Kata

Given a list/array of points on a quadratic grid, count the rectangles whose vertices are all in the given list.

The coordinates are non-negative integers (0 inclusive) bounded by 100. The axes of the coordinate system are orthogonal and equally scaled. The sides of a rectangle need not be horizontal or vertical.

Example 1:

Given the points

[(0, 0), (0, 1), (0, 2),
 (1, 0), (1, 1), (1, 2),
 (2, 0), (2, 1), (2, 2)]

There a 10 rectangles whose vertices are in this list.

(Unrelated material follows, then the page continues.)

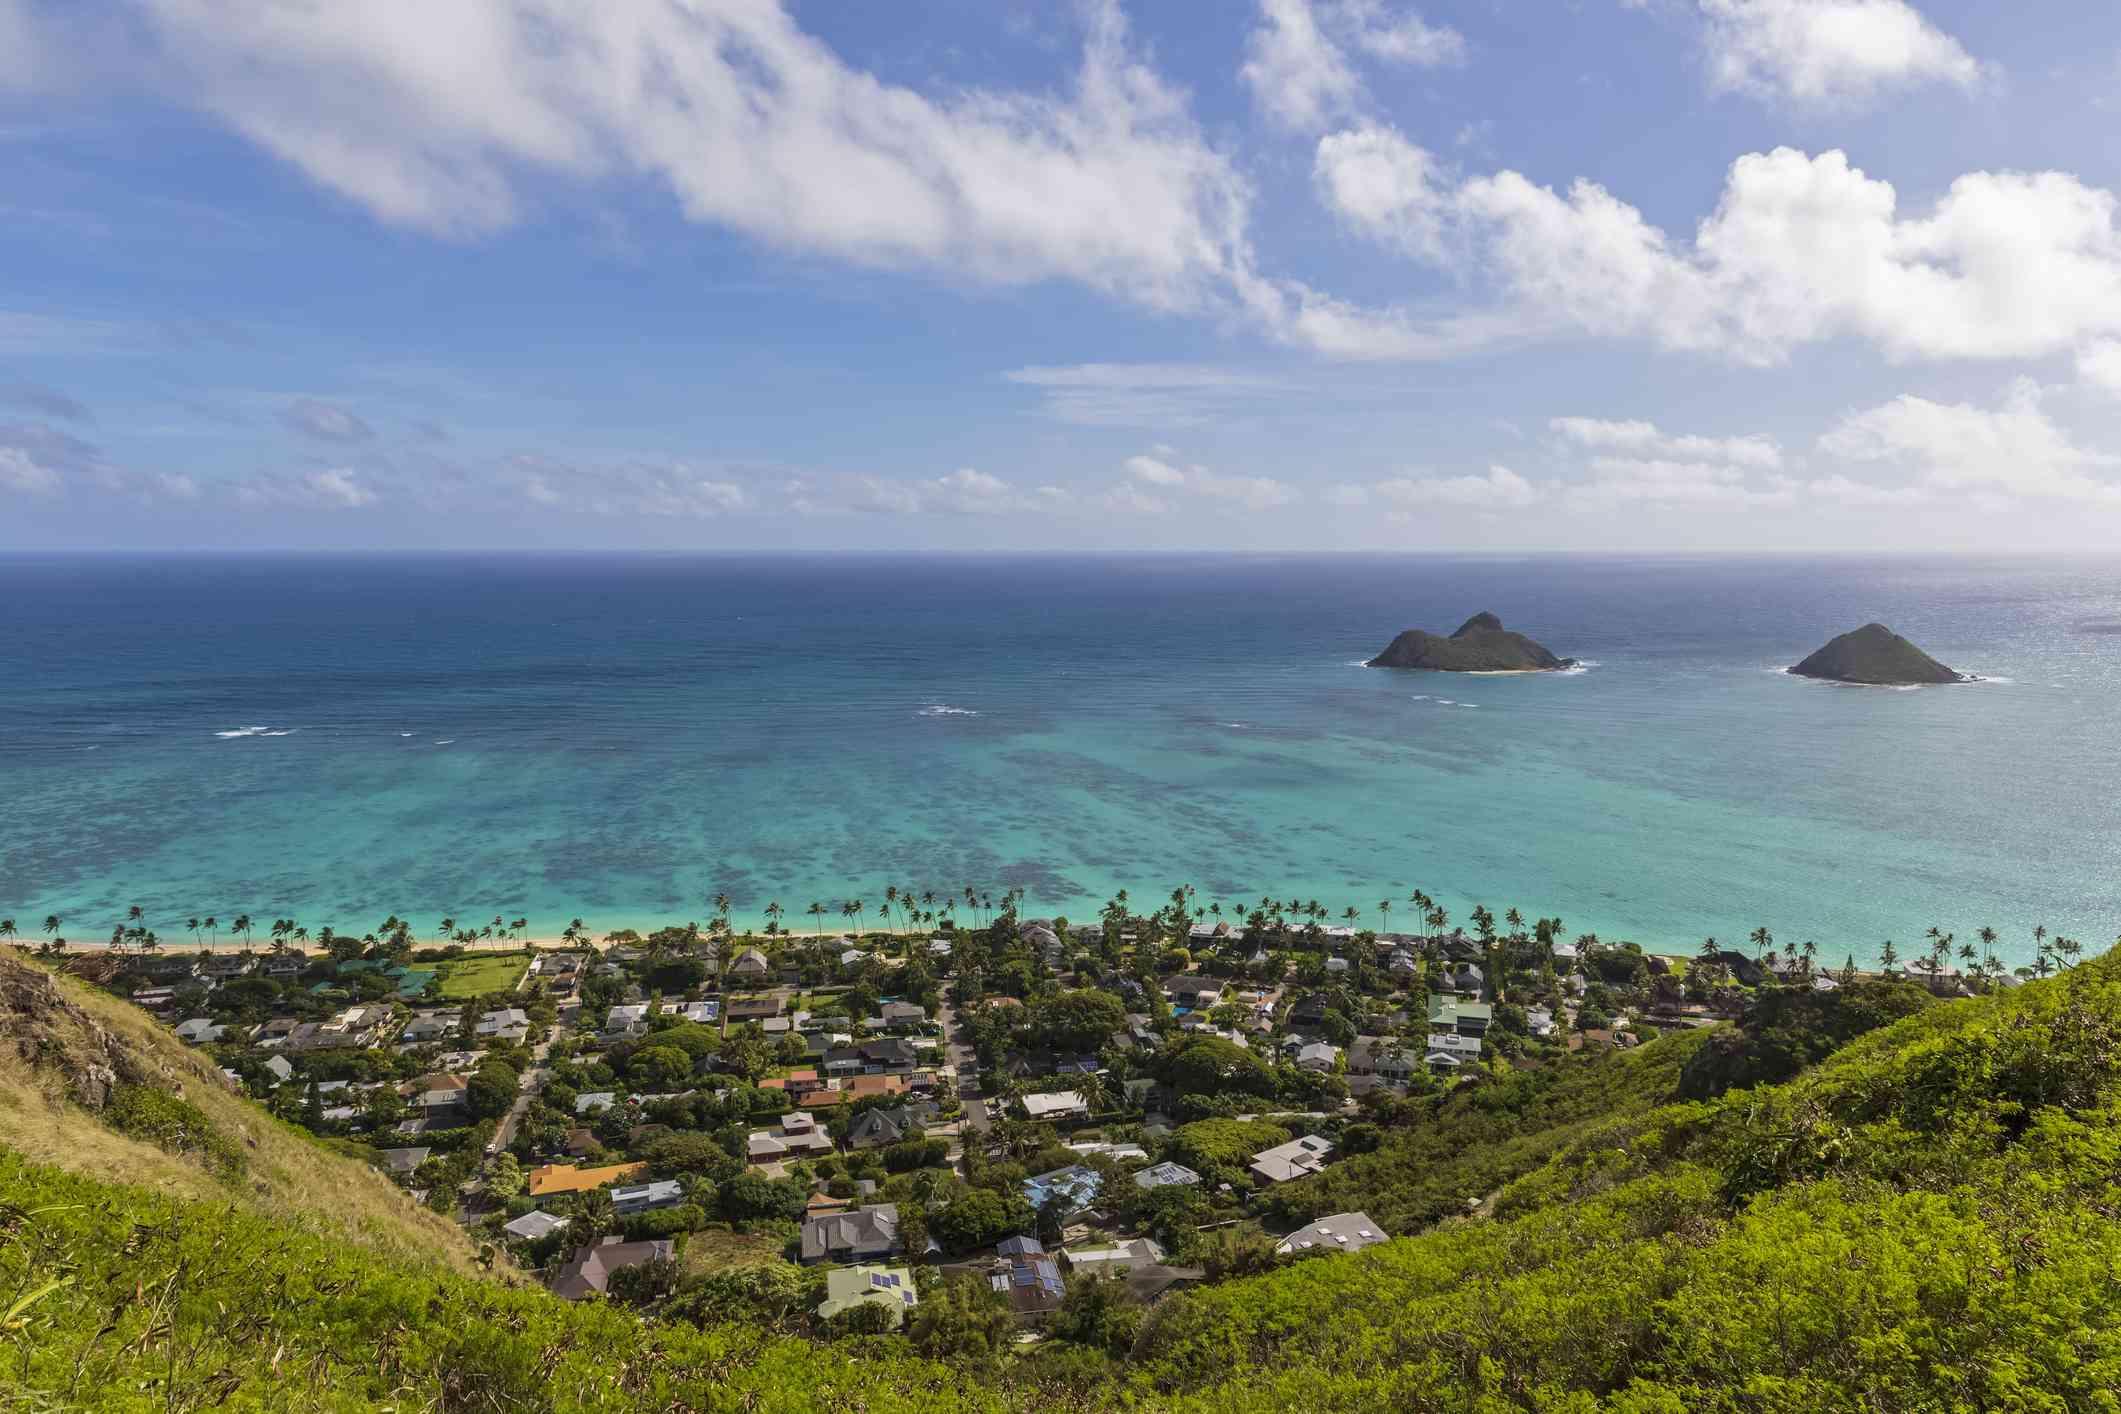 USA, Hawaii, Oahu, Kailua, View from Lanikai Pillbox Trail, Kaiwa Ridge Trail, to Na Mokulua, the Twin Islands

Nine rectagles have their sides aligned with the axes of the coordinate system, and the last rectangle is the one with coordinates (0, 1), (1, 0), (2, 1), (1, 2): Example 2:

Given the points

[(1, 0), (4, 0),
 (1, 1), (3, 1), (9, 1),
 (0, 2), (4, 2), (5, 2), (6, 2), (9, 2),
 (2, 3), (5, 3), 
 (1, 4), (2, 4), (4, 4), (5, 4), (9, 4)]

There are 12 rectangles whose vertices are in the given list, as shown in the figure: The vertices of these rectangles are:

((3, 1), (1, 0), (0, 2), (2, 3))
((0, 2), (1, 0), (5, 2), (4, 4))
((0, 2), (4, 0), (5, 2), (1, 4))
((1, 0), (4, 0), (4, 4), (1, 4))
((4, 0), (3, 1), (5, 3), (6, 2))
((4, 0), (1, 1), (2, 4), (5, 3))
((1, 1), (9, 1), (9, 4), (1, 4))
((3, 1), (5, 2), (4, 4), (2, 3))
((4, 2), (5, 2), (5, 4), (4, 4))
((4, 2), (9, 2), (9, 4), (4, 4))
((5, 2), (9, 2), (9, 4), (5, 4))
((5, 3), (2, 3), (2, 4), (5, 4))

The most complex tests will randomly select approximately 15% of the points in a 50-by-100 grid. The result will typically be in the thousands.